REQUIRED WORK: If pictures are present, leave them out, and copy the data word for word.
[[ DATASET EXTRACT, beginning ]]
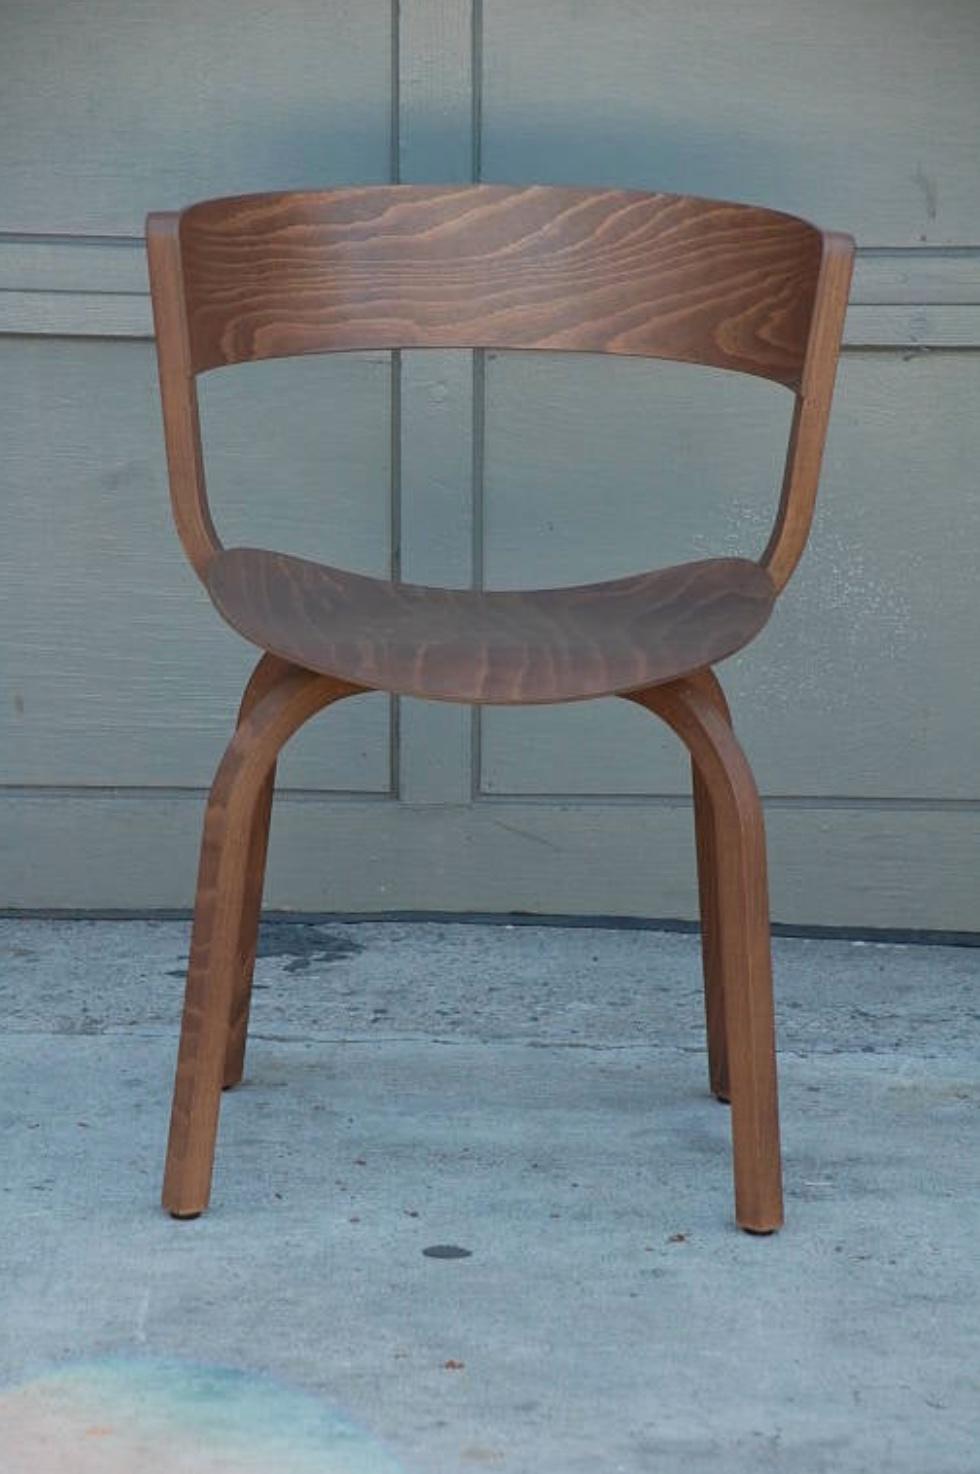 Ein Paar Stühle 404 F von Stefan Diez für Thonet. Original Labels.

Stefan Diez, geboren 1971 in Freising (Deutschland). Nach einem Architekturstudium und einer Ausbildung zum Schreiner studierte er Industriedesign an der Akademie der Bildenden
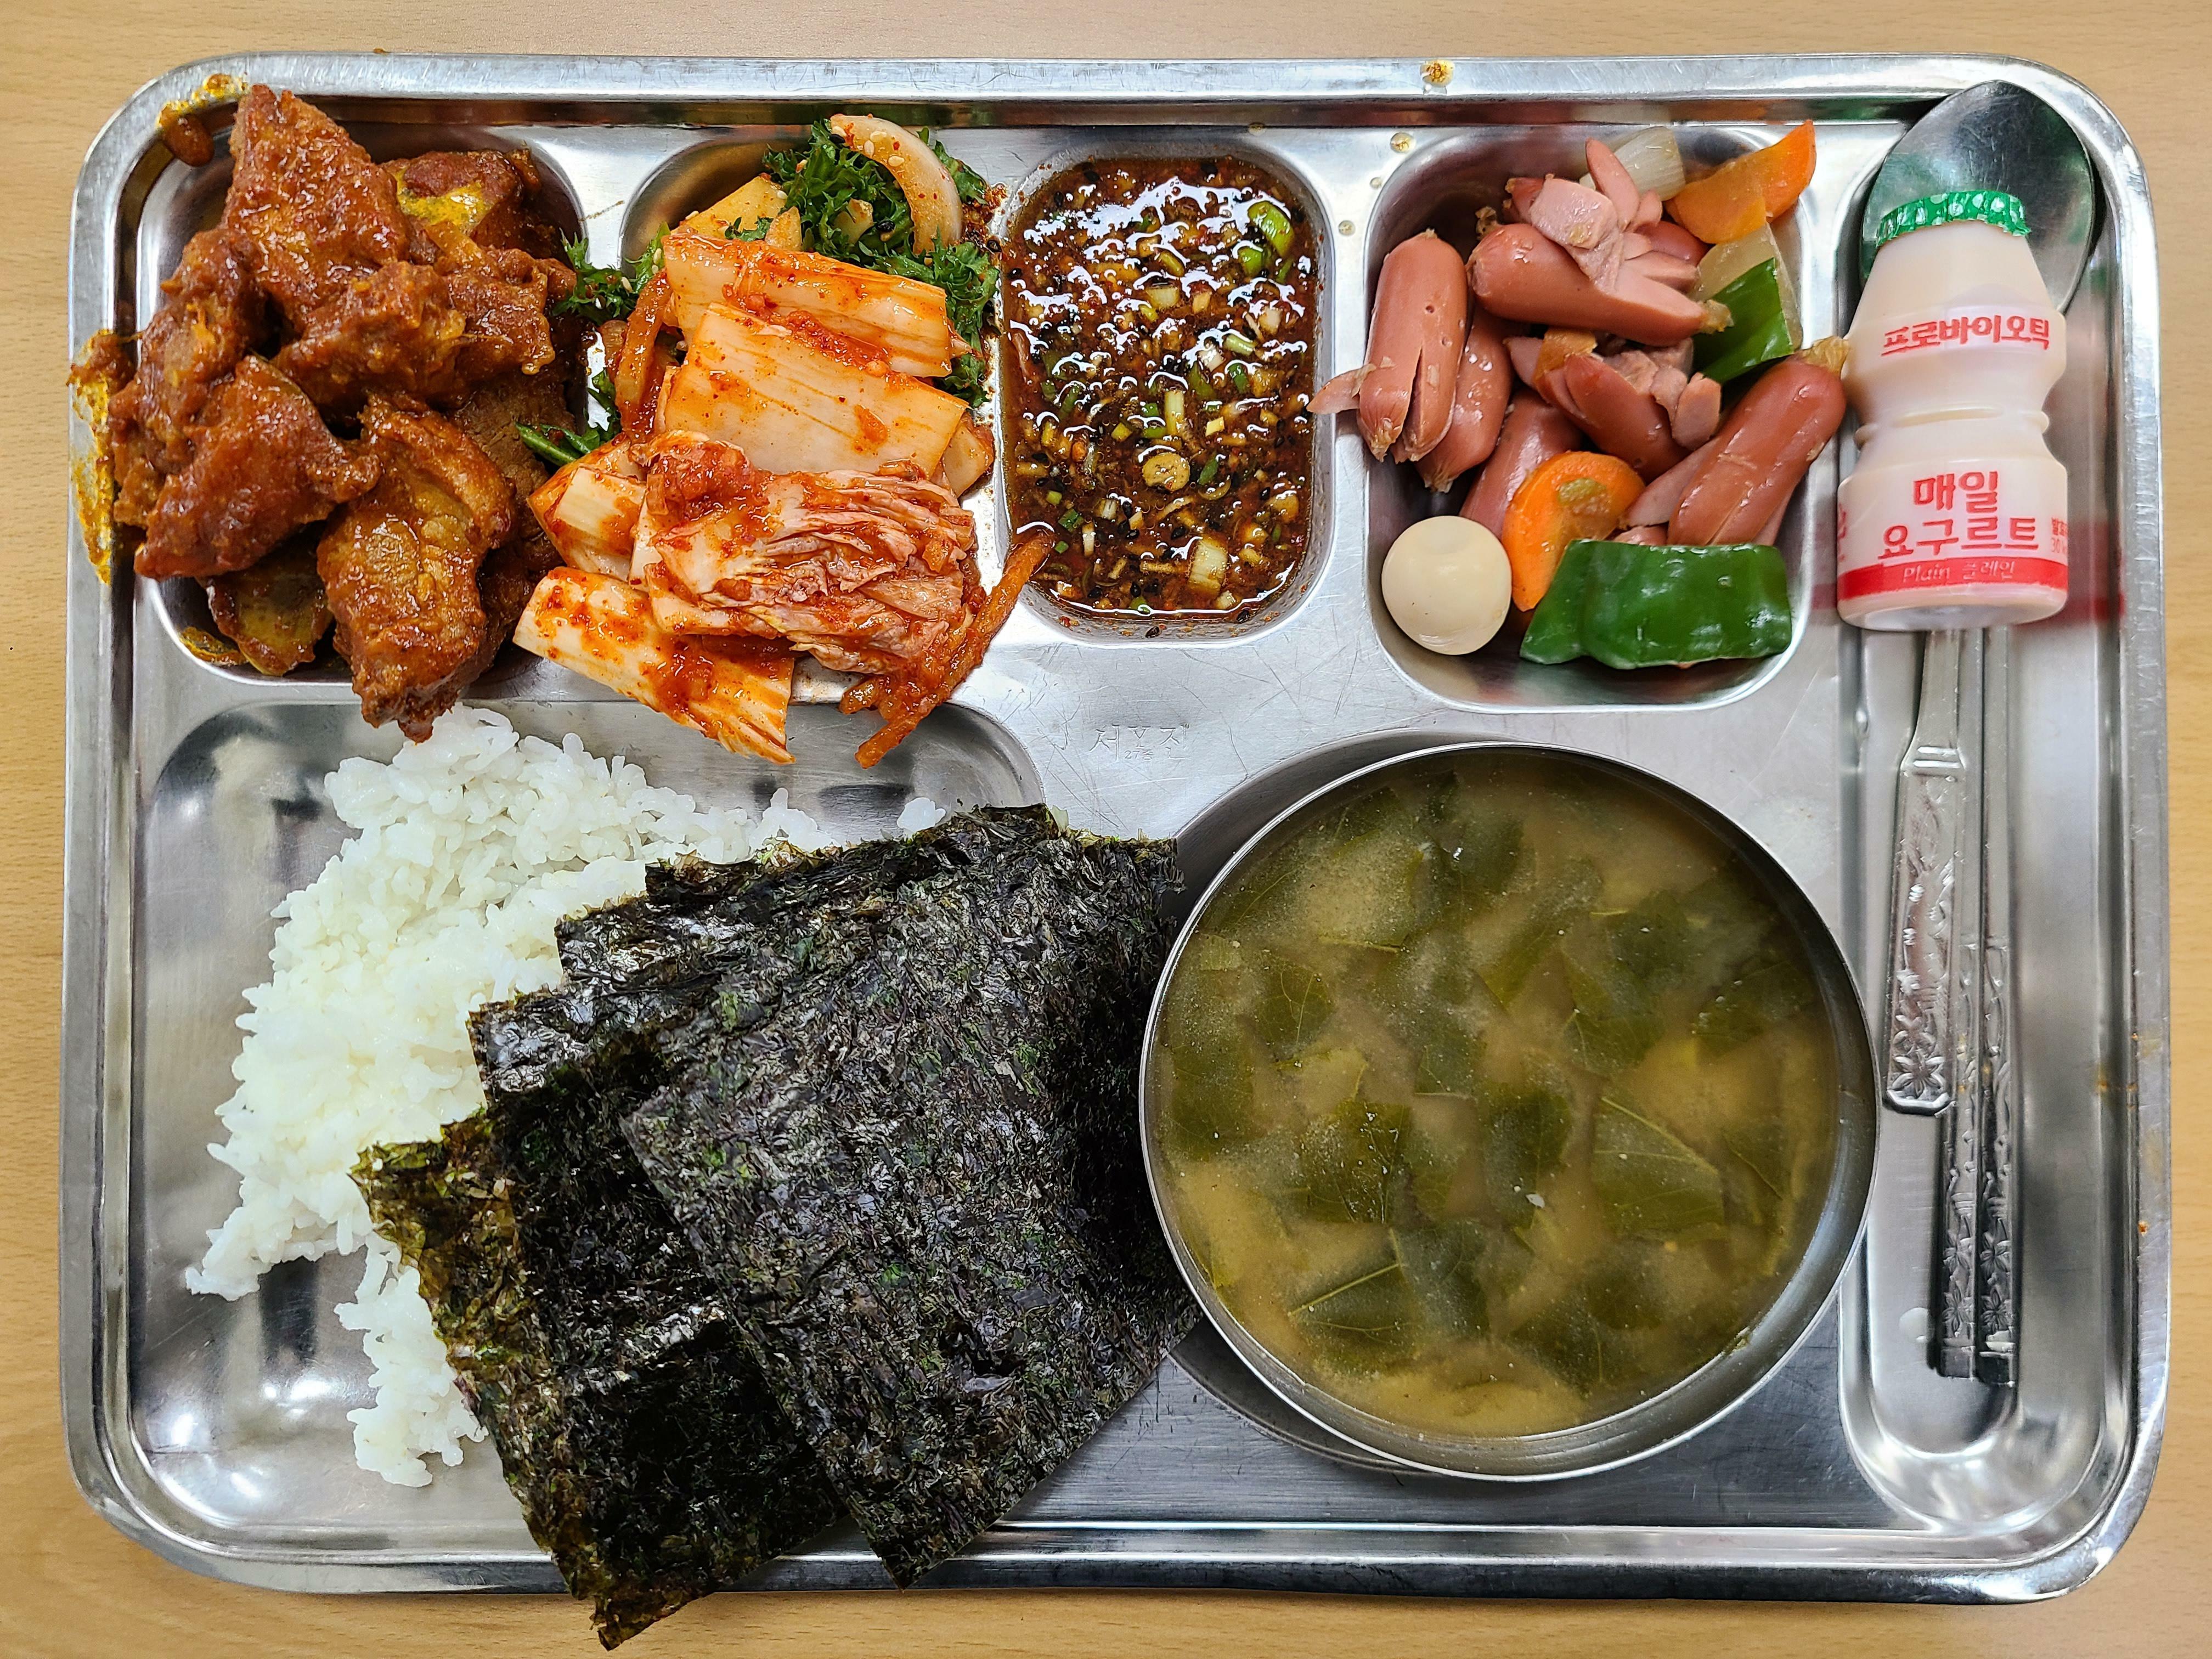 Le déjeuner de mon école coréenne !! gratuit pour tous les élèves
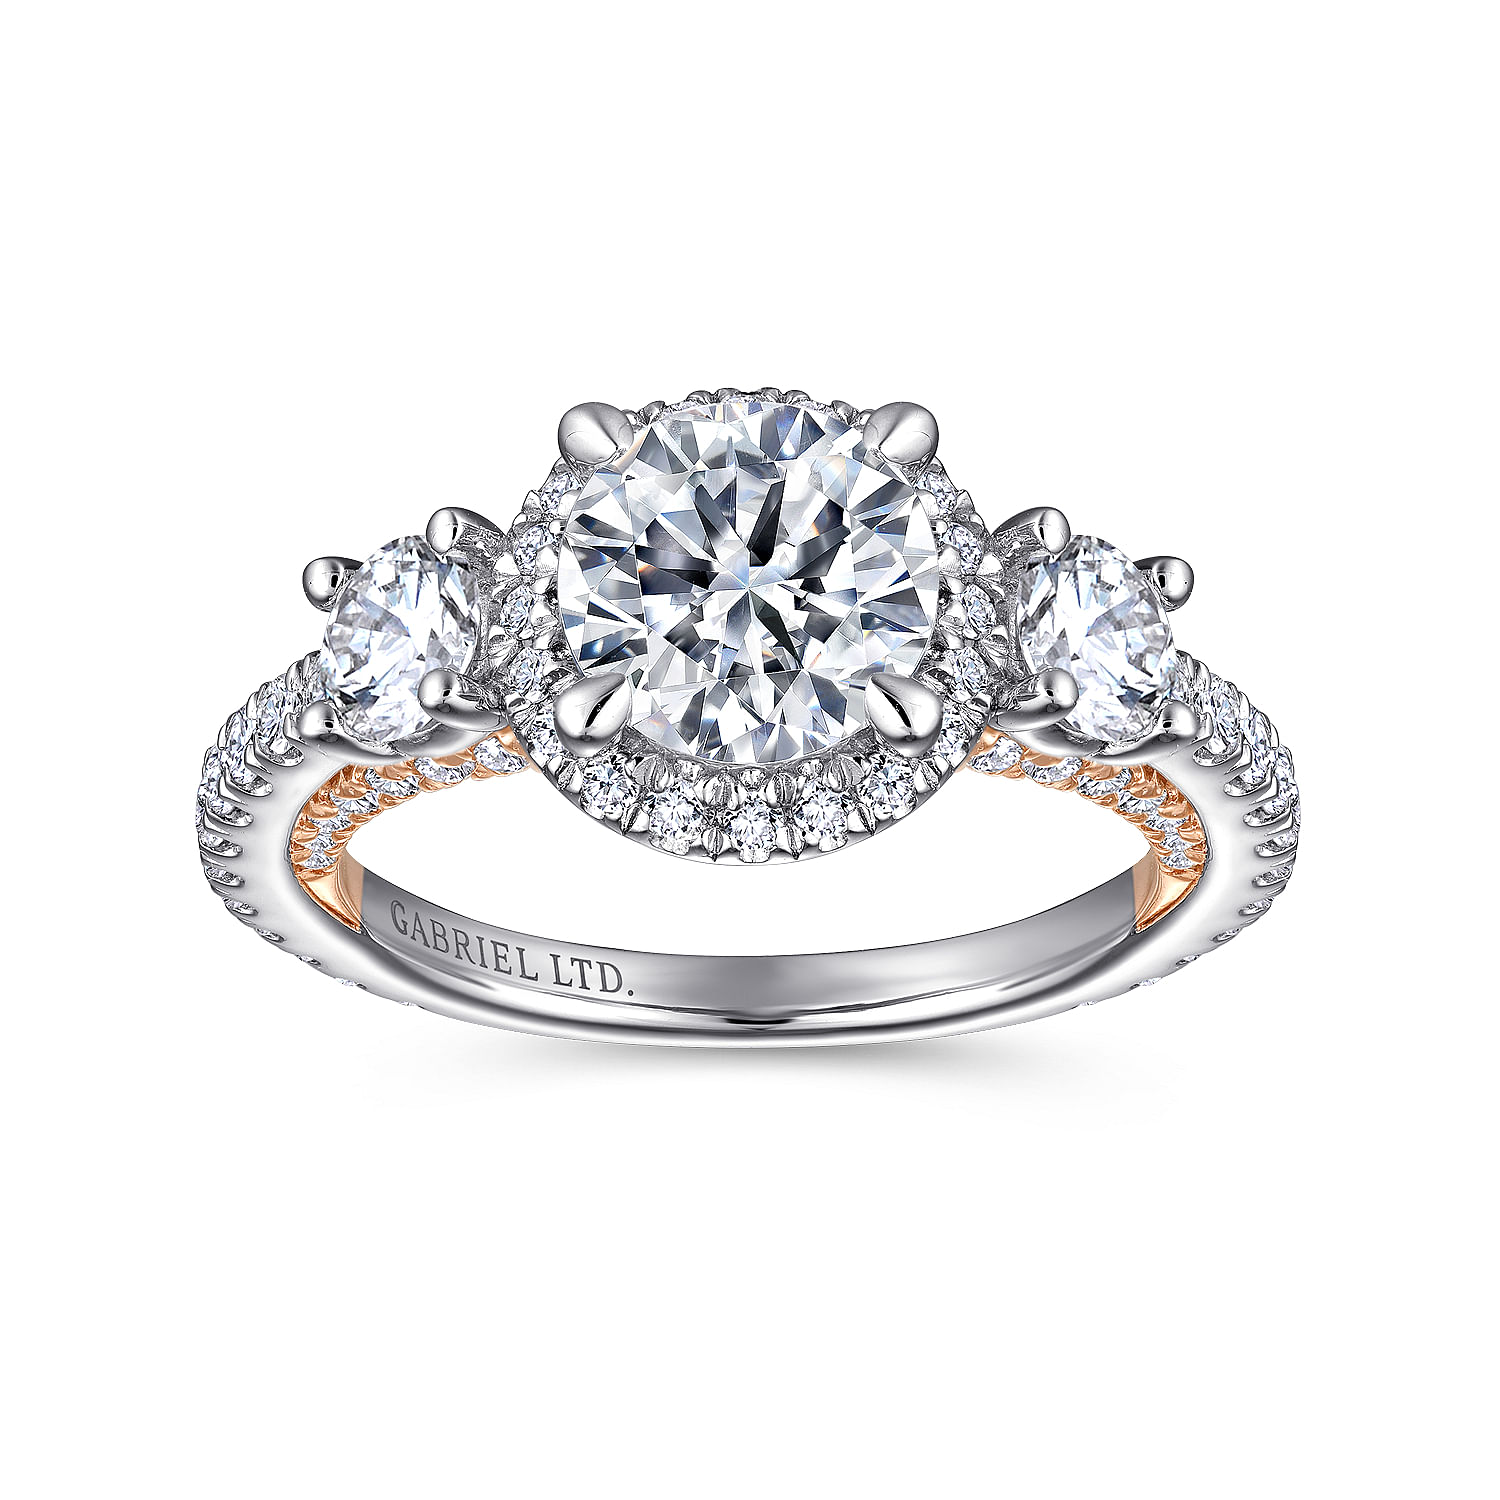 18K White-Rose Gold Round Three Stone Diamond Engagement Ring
[[ DATASET EXTRACT, end ]]
SOLVED EXERCISE:
 Ein Paar Stühle 404 F von Stefan Diez für Thonet. Original Labels.

Stefan Diez, geboren 1971 in Freising (Deutschland). Nach einem Architekturstudium und einer Ausbildung zum Schreiner studierte er Industriedesign an der Akademie der Bildenden
 Le déjeuner de mon école coréenne !! gratuit pour tous les élèves
 18K White-Rose Gold Round Three Stone Diamond Engagement Ring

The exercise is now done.